There are essentially two ways to split files up with LaTex: using \include and using \input.
Let's start with \input. When LaTeX is reading blah.tex and comes across \input{blurb.tex}, it just pauses processing blah.tex and starts slurping up blurb.tex -- and when it's done it goes back to blah again, until it finishes. So basically you can quite simply "carve out" anything that you would put in your "main" file, and stick it into a sub-file, which is then "read in" with \input{}. That gives you one form of modularity. Its key issue is that every time it processes a document, LaTeX goes through this "reading in" process: so although your files are modular, the typesetting process really isn't: LaTeX goes through everything, every time.
Now of course that may make you think: suppose I split my document like this:
\documentclass{book}
\begin{document}
\input{chapter1.tex}
\input{chapter2.tex}
\end{document}
Now if I comment out one of those input lines, I can have a nice little copy of just Chapter 1, or just Chapter 2.
The trouble is that those chapters will often include things like cross-reference labels, or table of contents entries, or figure numbers, that you need to refer to in other places. That is where the slightly "cleverer" system of \include{filename} comes in: it allows you to save and use bits of the scaffolding that these sub-files have generated without actually typesetting them, using \includeonly{} to tell LaTeX which files to typeset. It's in some ways more limited though, and for present purposes assume that it's really only wanted in a very long document (we're talking book- or thesis-length not article length) where you not only want to work on editing only part of the files at a time, but you also want to control what gets typeset on any run.
So what your adviser is suggesting is actually a very accurate description of what you want. In a simplish project, you are probably best sticking with \input rather than using \include. A main .tex file (you can call it anything you want) is going to set up the "common parts" like a preamble that will specify the packages you want, the title, the table of contents (if you have one), perhaps the bibliography. But then the substance of each section is going to be in a separate file. Your main file will have an \input{} each of the sub-files at the place you need them to go. To typeset this, you will pdflatex main, and as LaTeX chomps through it will pause as necessary and slurp in the stuff from your sub-files.

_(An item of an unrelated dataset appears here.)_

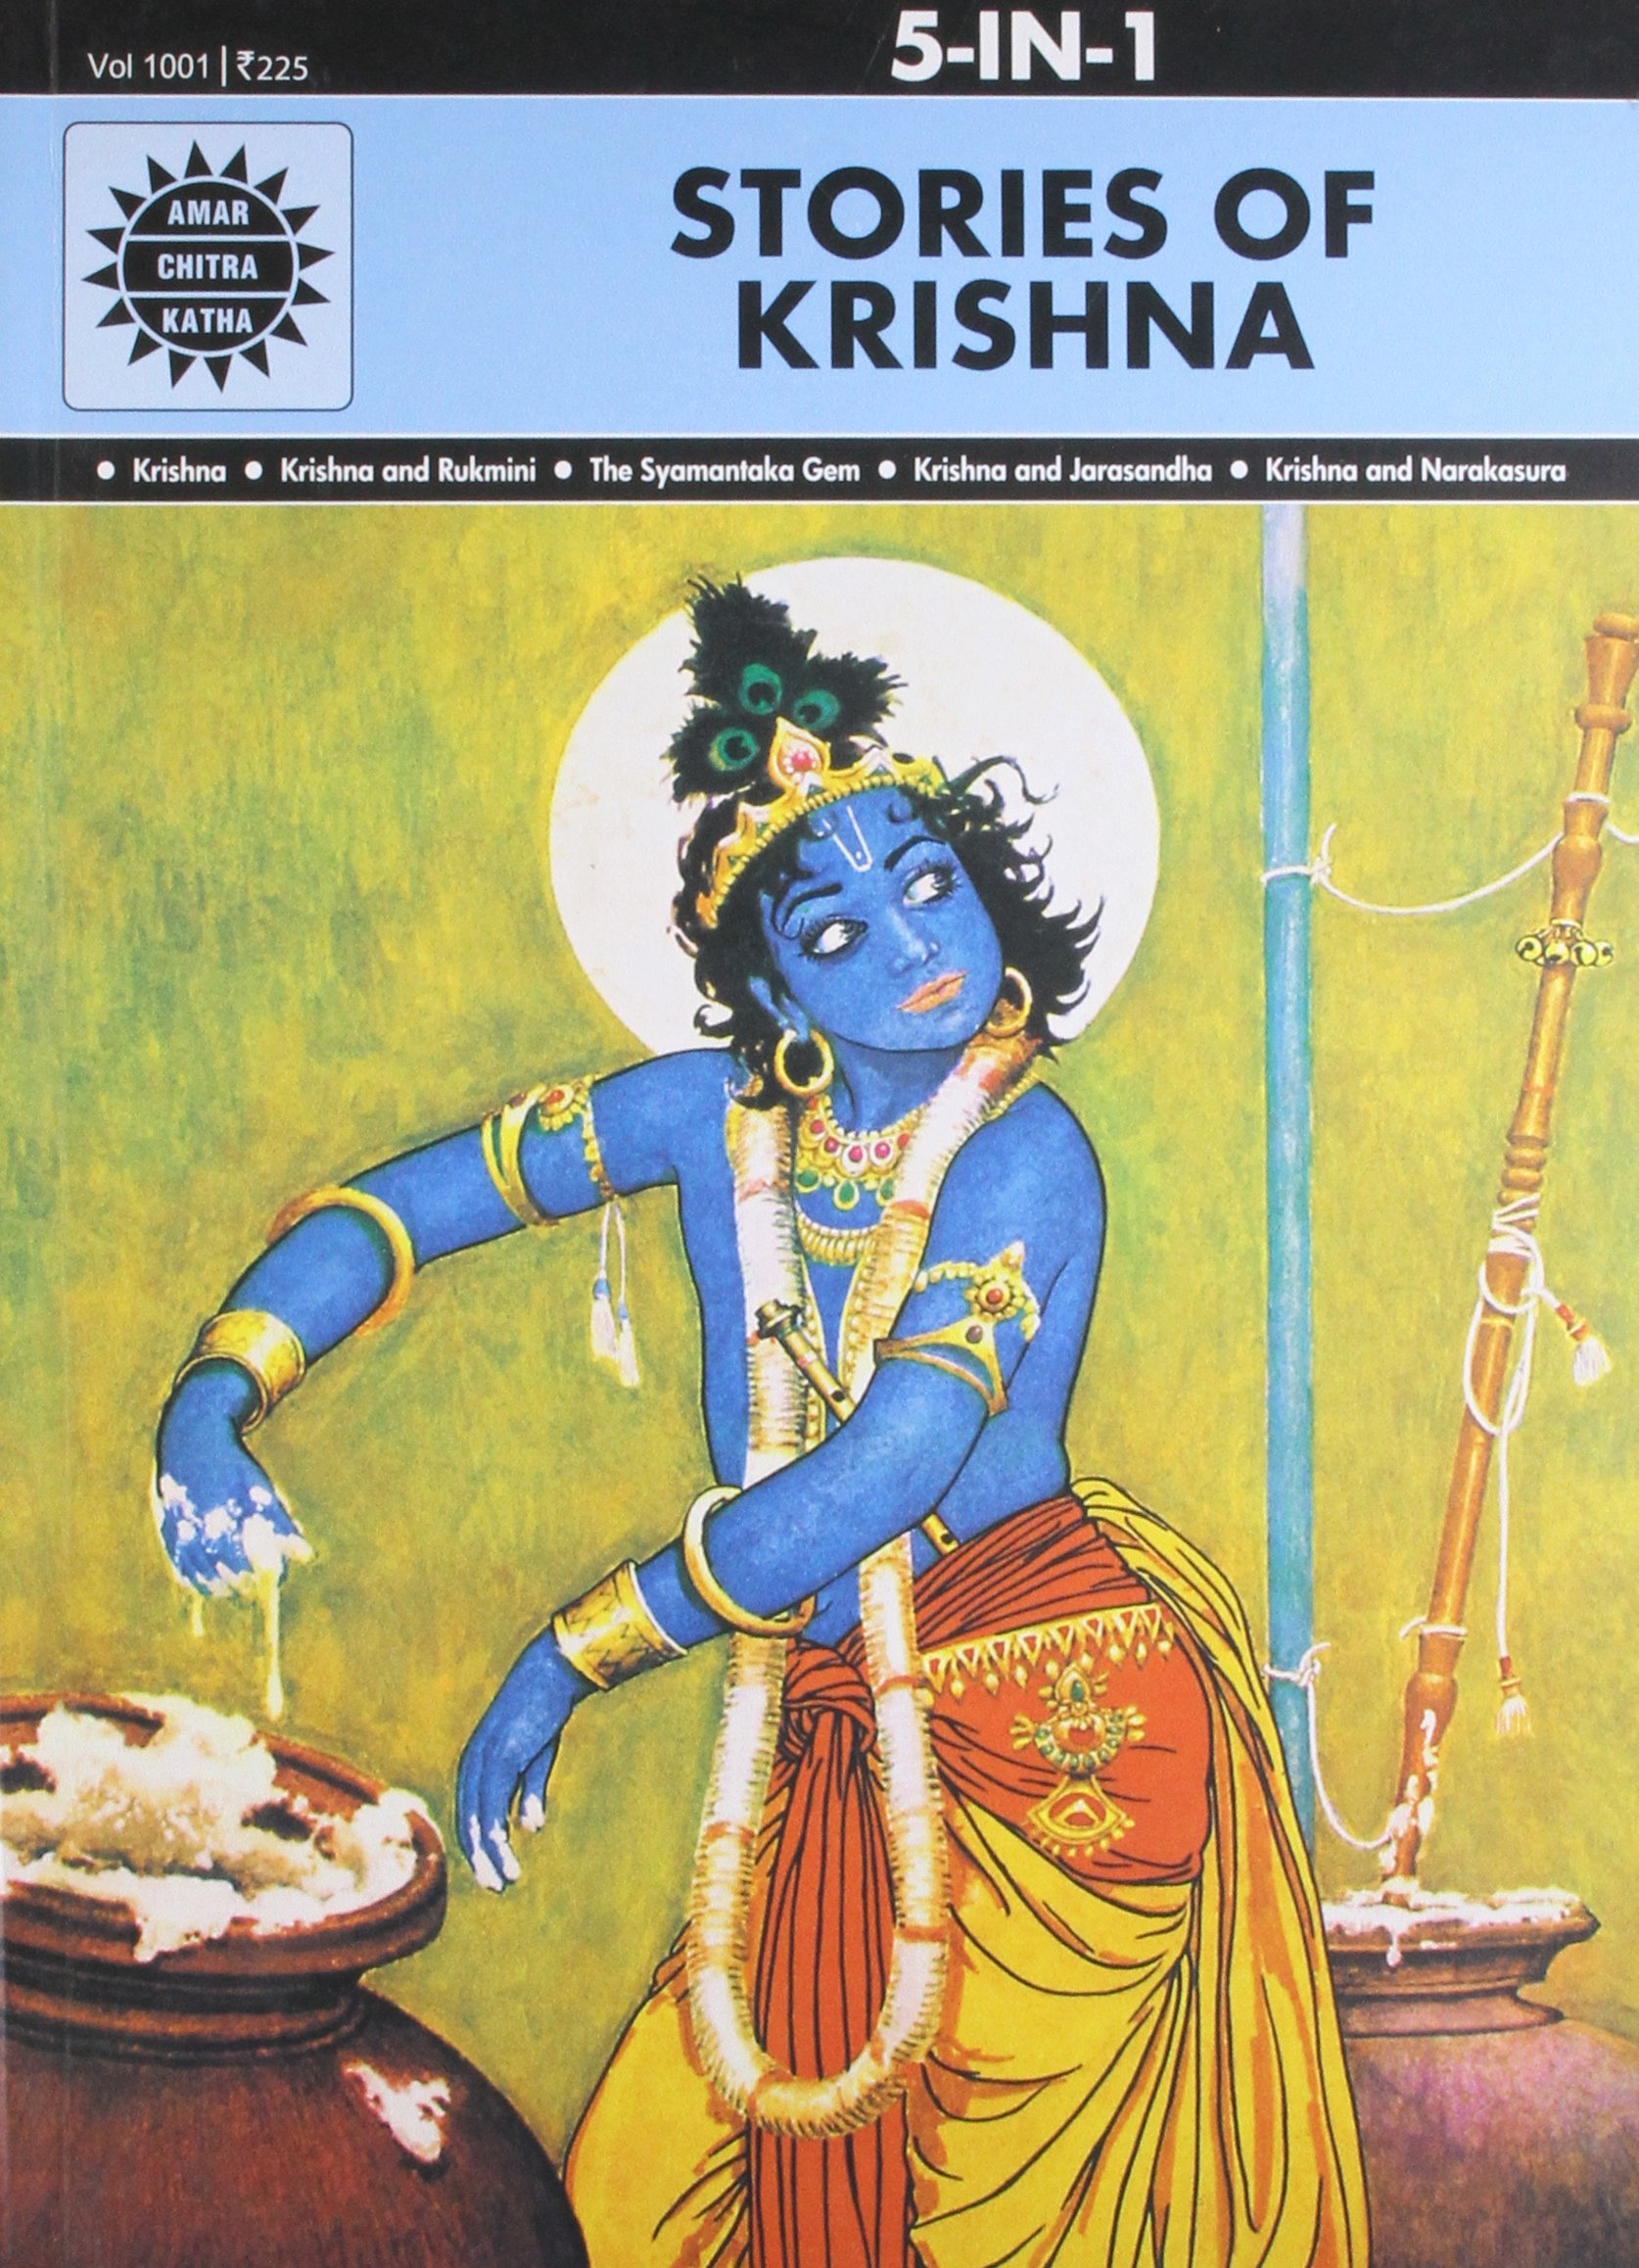 Amar Chitra Katha - Draupadi

So a minimum example would look something like:
main.tex
\documentclass{article}
\usepackage{lipsum}% and/or whatever
\title{Modular Papering}
\author{Mo Module}
\begin{document}
\maketitle
\input{sectiona.tex}
\input{sectionb.tex}
\end{document}
sectiona.tex
%NOTE: NO preamble or documentclass -- this is just being "read in"
\section{Section A}
\lipsum % Will work because I loaded the package in the preamble
sectionb.tex
%NOTE: NO preamble or documentclass -- this is just being "read in"
\section{Section B}
\lipsum
And just pdflatex main to get the complete document, with a title and two sections. All the real editing work will probably be done on those sub-files.
As has been pointed out in the comments, there are some good resources you can find by searching online. Two, pointed out in the comments, that give particularly clear explanations are https://en.wikibooks.org/wiki/LaTeX/Modular_Documents and When should I use \input vs. \include?

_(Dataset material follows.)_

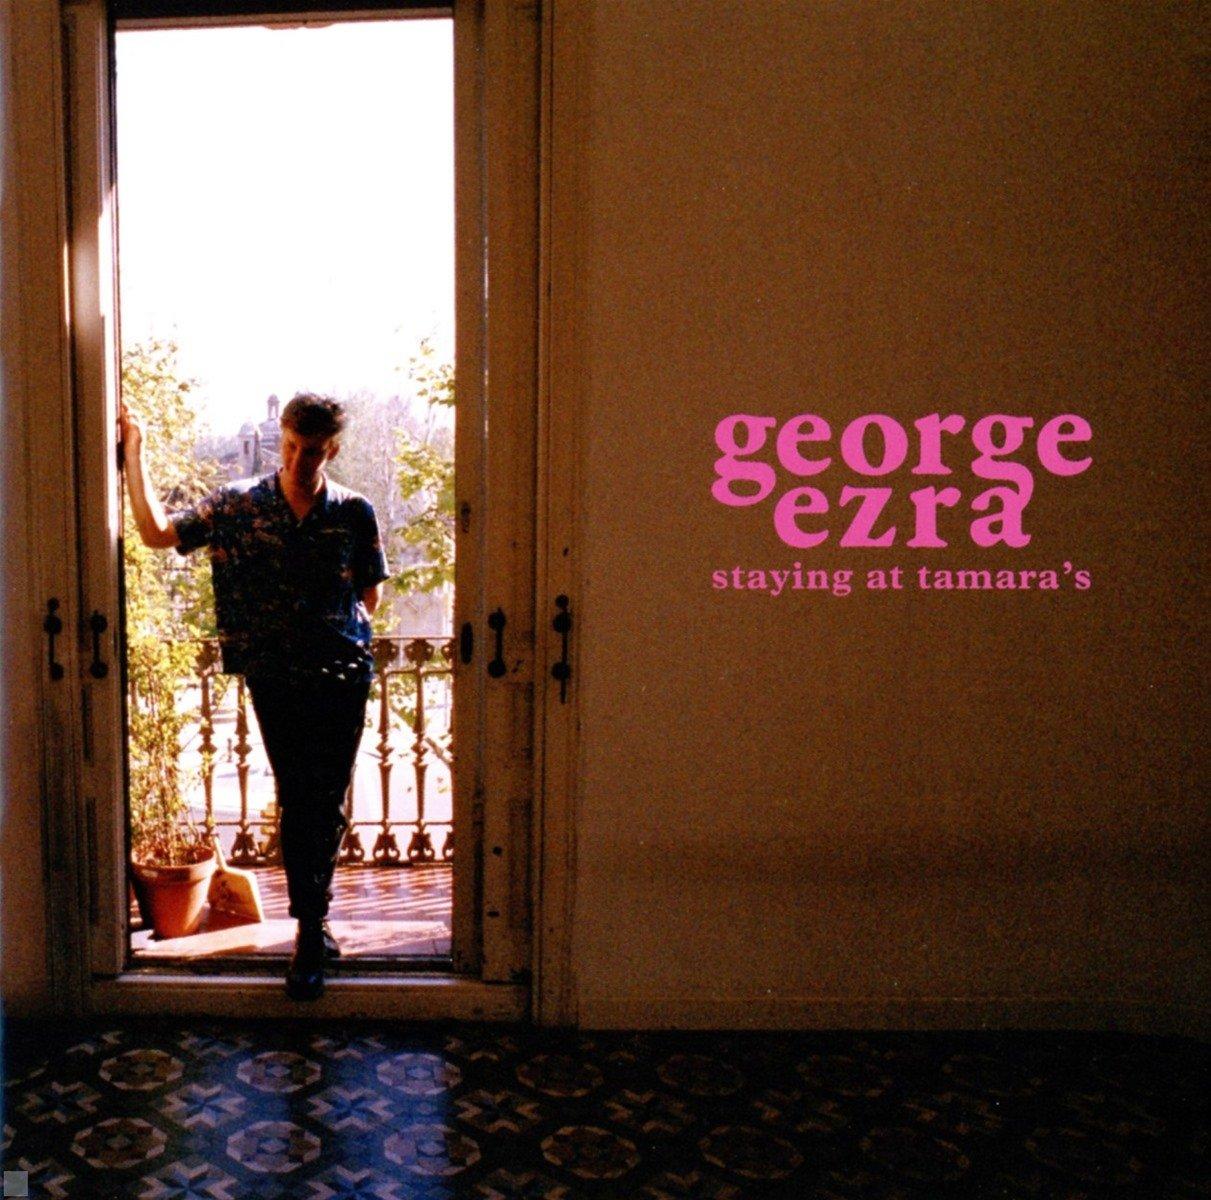 George Ezra - Staying At Tamara's CD now £5 (Prime) + 99p P&P (non Prime) at Amazon

EDITED TO ADD: I've no idea what the "tokens" you are being told about are, but my guess is they are like "tokens" for a railway train on a single track line -- one person can edit one section while another edits another, without risk of collision! Maybe a slightly rudimentary approach to version control! But certainly one advantage of splitting things into reasonably small files is that it keeps versioning neat.